While my curriculum design portfolio may have been a love letter to freedom in design, there are also many learning contexts where one has less control over your curriculum and materials. My second artifact, a lesson plan and its respective materials from the LT 439 Design for Learning Language Pronunciation class, was created to complement a preassigned reading textbook chapter. These “mini-lessons” for pronunciation once again demonstrated an integrated lesson design, utilizing reading, speaking, and listening language elements, where students were tasked with reading through various sections of the textbook, listening to the instructor accurately pronounce or orate the language features relevant to the lesson, and then producing these features themselves. Each mini-lesson had clearly defined objectives that were closely connected to the materials they were designed for, as was outlined before the activities and tasks of each mini-lesson. These lessons covered both segmental and suprasegmental elements of English pronunciation, and did so in a balance of description and analysis and controlled practice activities. The balance and progression of these activities was organized using Celce-Murcia et al.'s (2010) communicative framework, which advocated for a progression from description and analysis to listening discrimination, to controlled practice and feedback, to guided practice and feedback, to end with communicative practice and feedback. However, due to the fact that these were mini-lessons designed to integrate into a reading lesson, I specifically only included description and analysis and controlled practice, to bring attention and brief practice opportunities to these features, which could be further explored at a later time in the class as it became necessary.

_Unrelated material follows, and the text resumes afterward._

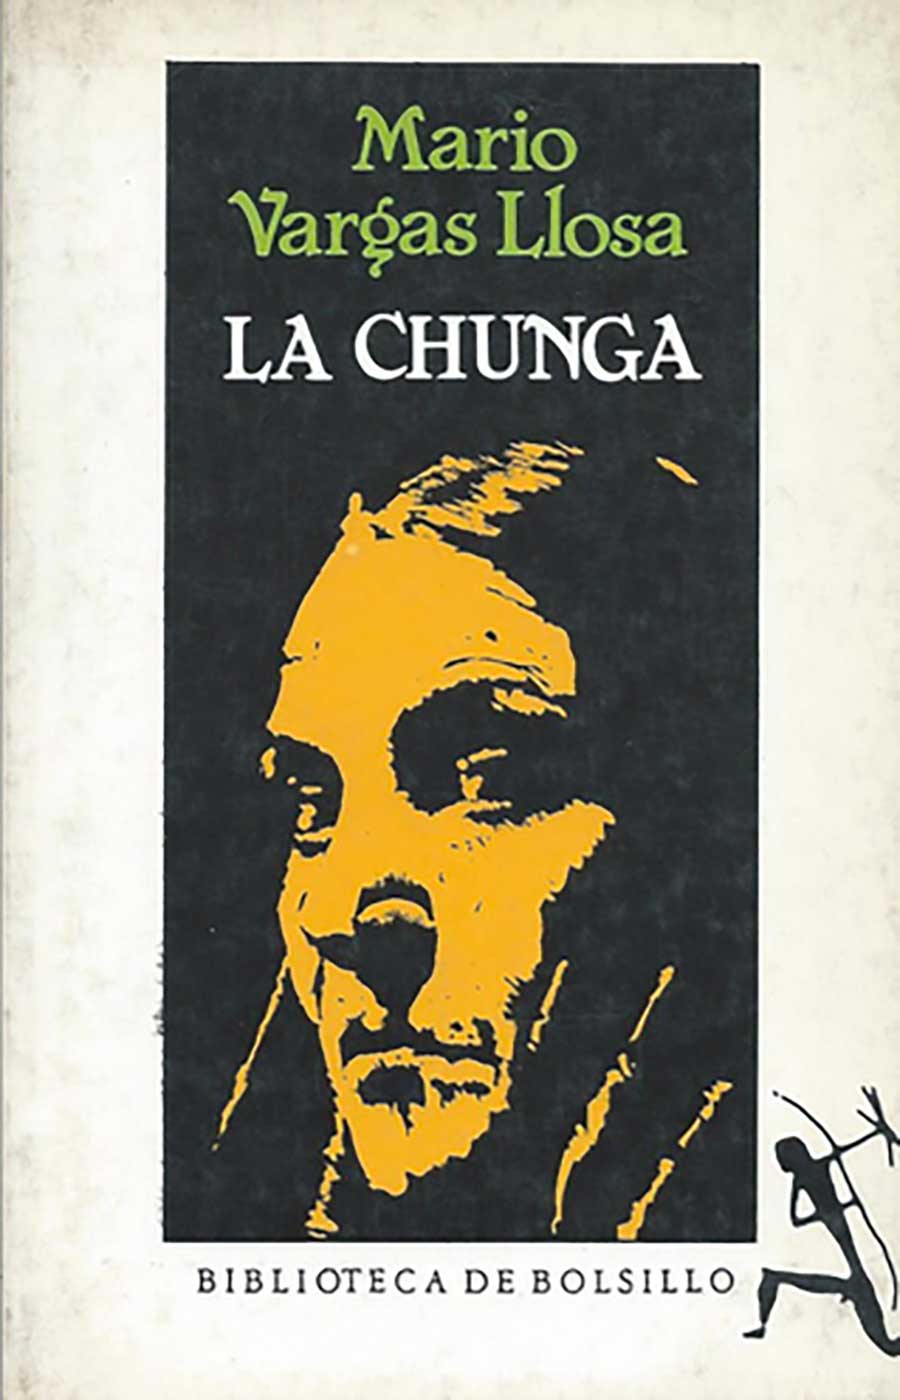 La Chunga es una obra de teatro del escritor peruano y Premio Nobel de Literatura 2010 Mario Vargas Llosa

My third design artifact is the lesson plan and materials that I created collaboratively with Aissa Canteras, Yueyuan Jin, and Mary-Kate McBride as part of the LT 537 Second Language Teaching Practice class. This artifact includes the slides, lesson plan drafts, and activity materials for the week five lessons that we led, themed around holidays (and specifically Halloween). While it may be more closely considered to student interest than student needs, this entire course was very sensitive to the interests of the AEI students that were participating in it, and surveys were conducted bi-weekly on what students were enjoying, what they hoped to see improved, and what topics they wanted to see introduced in the future. We were able to take the data that had already been collected in prior weeks to benefit our own designs, and we were able to add to this growing pool of student responses to assist the next groups in the weeks after us. We balanced activities for various group sizes, from pairs to whole class, and offered students multiple activities that allowed them to get up and move around the room. All of this worked to keep students engaged with the content and motivated to participate, and there was hardly a silent moment in our classes. A great thing to see in a conversation elective!

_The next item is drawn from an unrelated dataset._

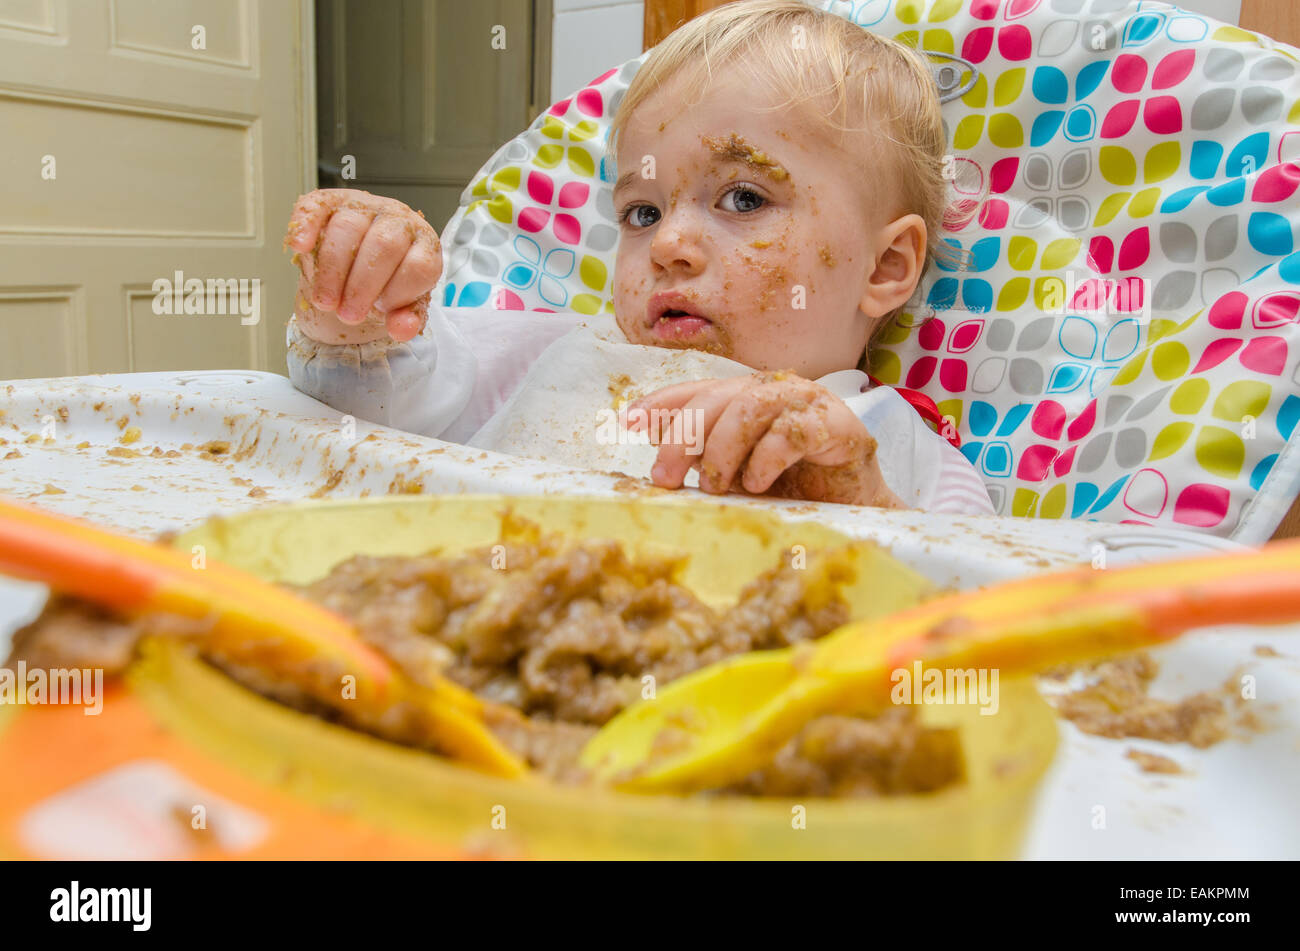 Ein kleinen Jungen (ca. 18 Monate alt) macht ein heilloses Durcheinander seine Mahlzeit. Stockfoto

My final artifact is one of the lesson plans (and its related materials) for the LT 536 Design for Language Learning Systems class. This lesson plan was designed for an English for Specific Purposes course that focused on the job application process, and the specific lesson plan was focused on job interviews. This lesson plan once again follows an integrated approach, requiring students to discuss materials and topics, listen to audio resources, read articles, and generate written answers for potential interview questions. This lesson plan was a balance of guided activities and independent practice that worked to scaffold students toward confident, independent application of interview skills, similarly once again to the Celce-Murcia et al. (2010) communicative framework, though this time not specifically at the level of pronunciation This lesson plan was also designed with the clear, specific course objective in mind that students would be able to utilize reading, writing, speaking, and listening skills in English to find job openings, write a resume or CV, and attend job interviews.
References
Celce-Murcia, M., Brinton, D., Goodwin, J., & Griner, B. (2010). Teaching pronunciation: A coursebook and reference guide (2nd edition). Cambridge University Press.
Graves, K. (2000). Designing language courses: A guide for teachers. Heinle & Heinle.